━━━ Data to use ━━━

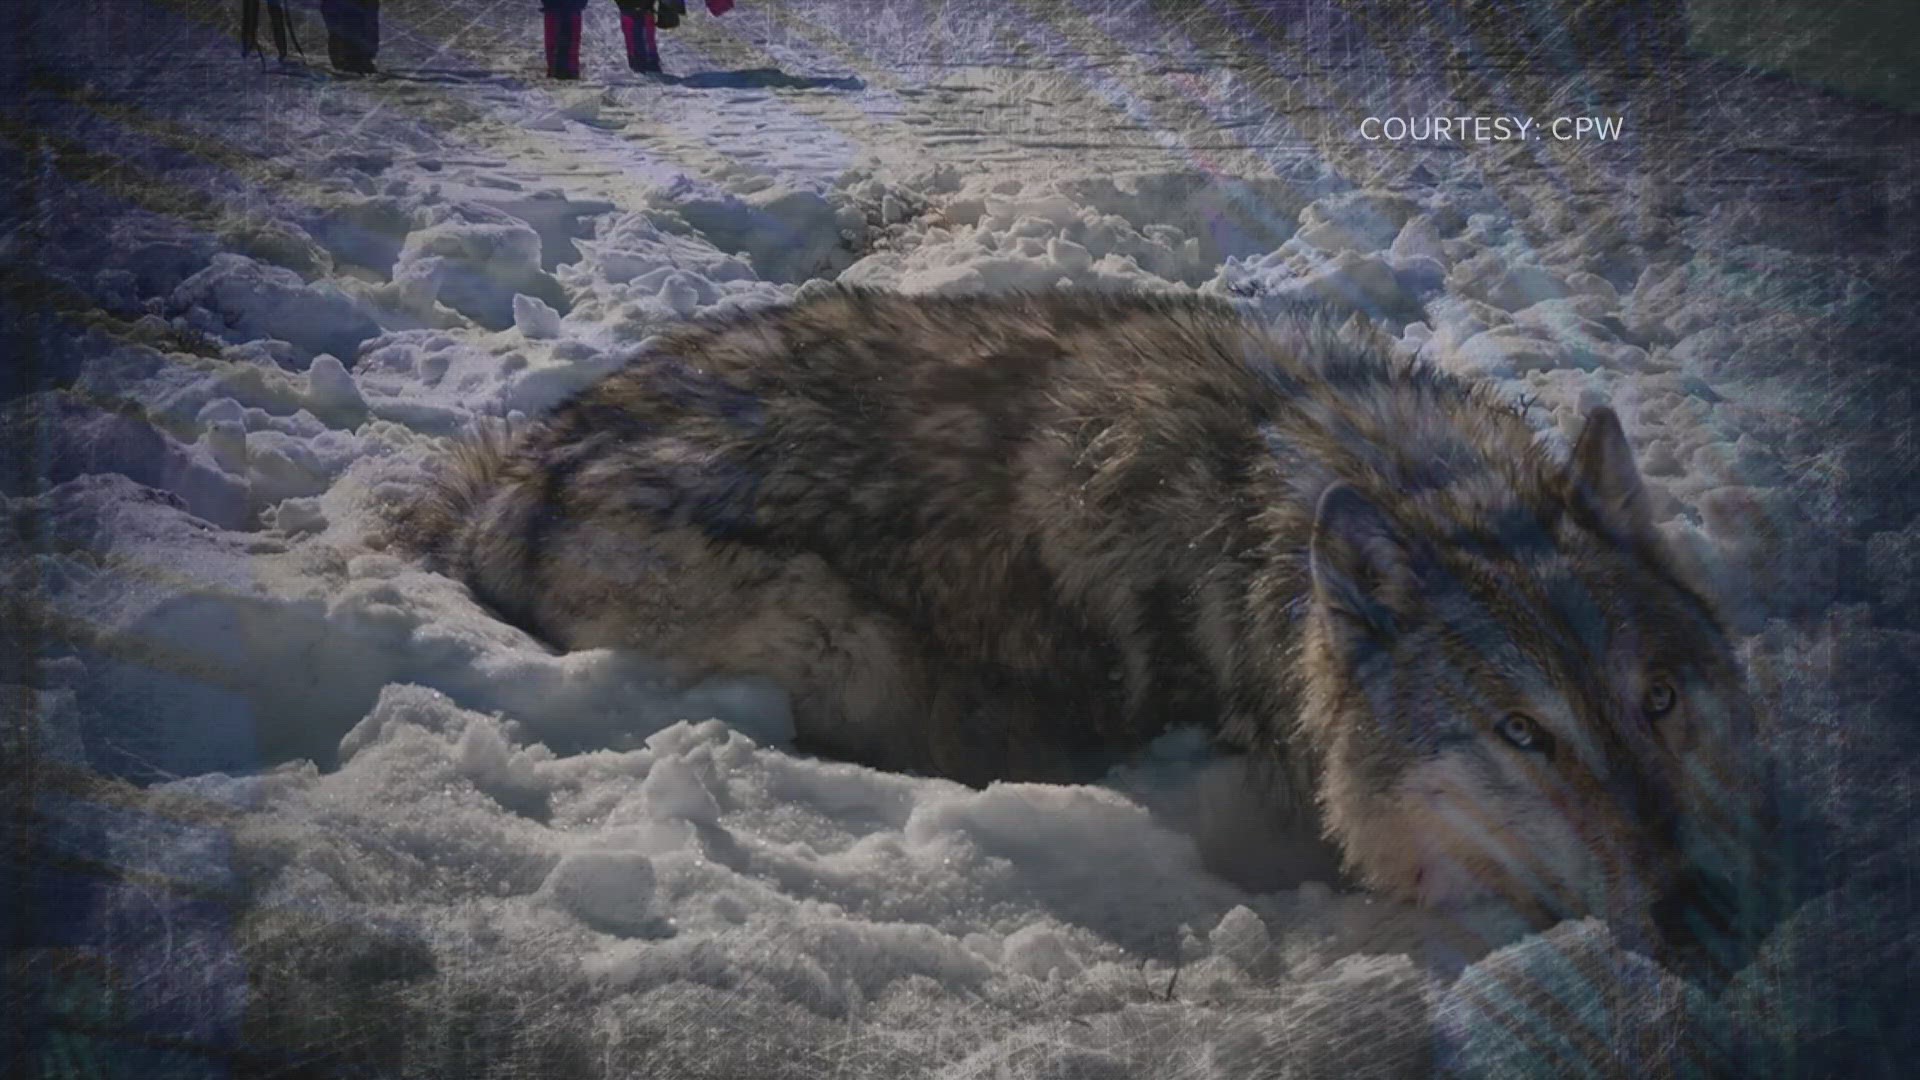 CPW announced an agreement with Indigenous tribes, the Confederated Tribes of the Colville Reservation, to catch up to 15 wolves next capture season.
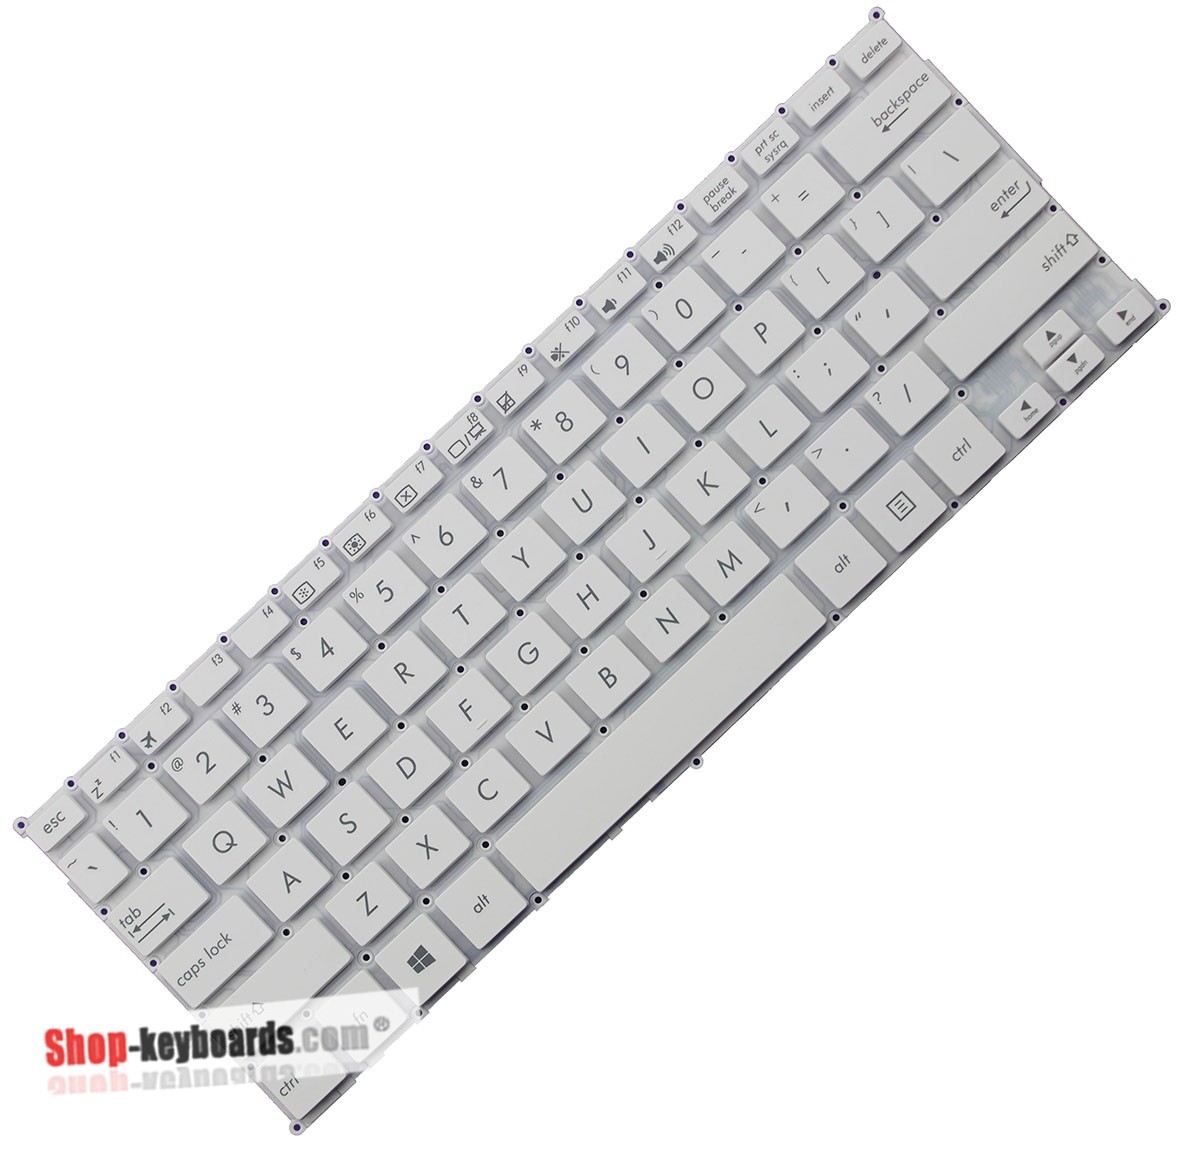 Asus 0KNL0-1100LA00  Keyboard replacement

━━━
━━━ Data to use ━━━

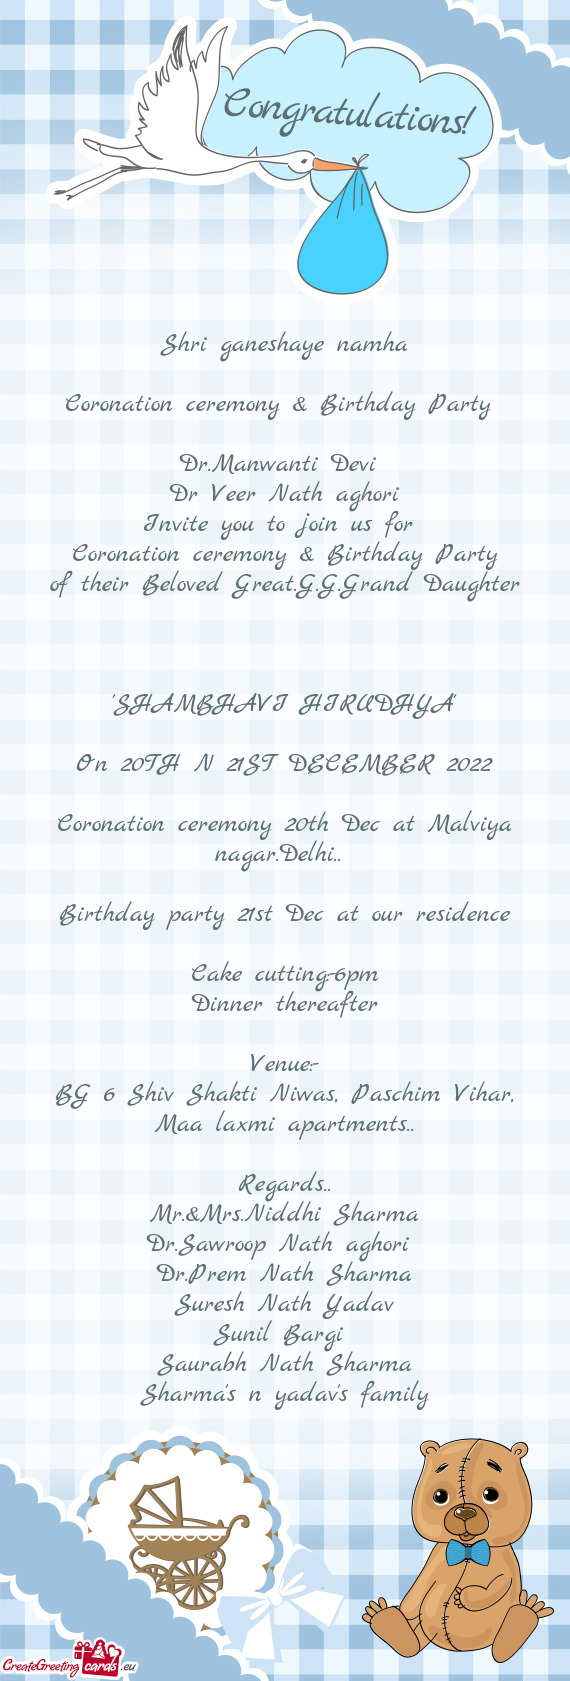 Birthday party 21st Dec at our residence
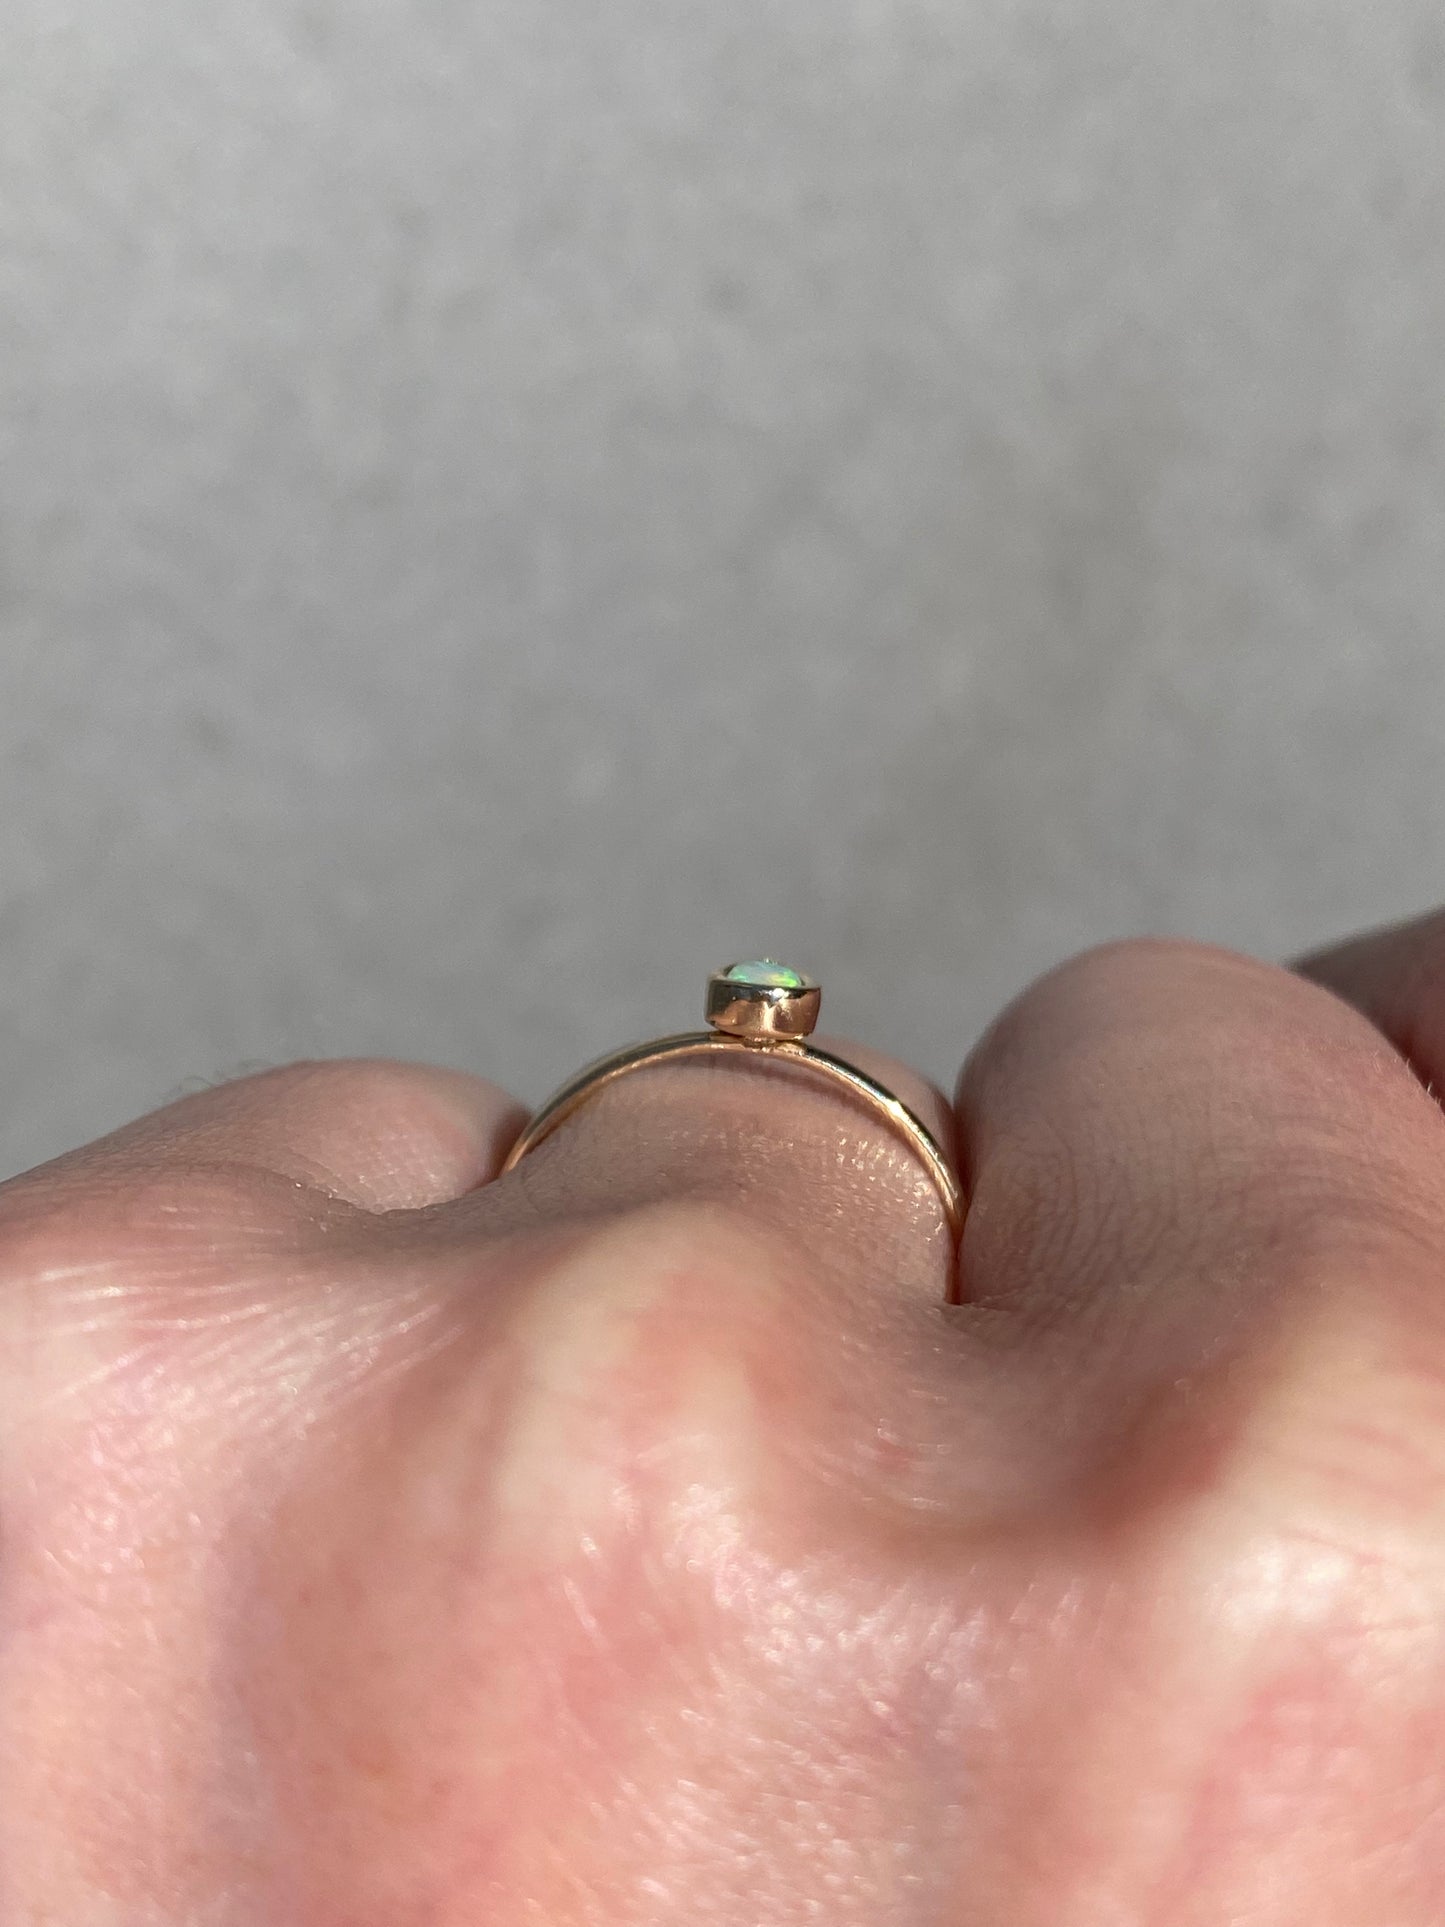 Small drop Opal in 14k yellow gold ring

━━━

# Task goal:
While skipping the pictures, transcribe the data above from the line showing "Birthday party 21st Dec at our residence" through the line showing "Small drop Opal in 14k yellow gold ring", exactly and with both ends.

# Result of this exercise:
 Birthday party 21st Dec at our residence
 Small drop Opal in 14k yellow gold ring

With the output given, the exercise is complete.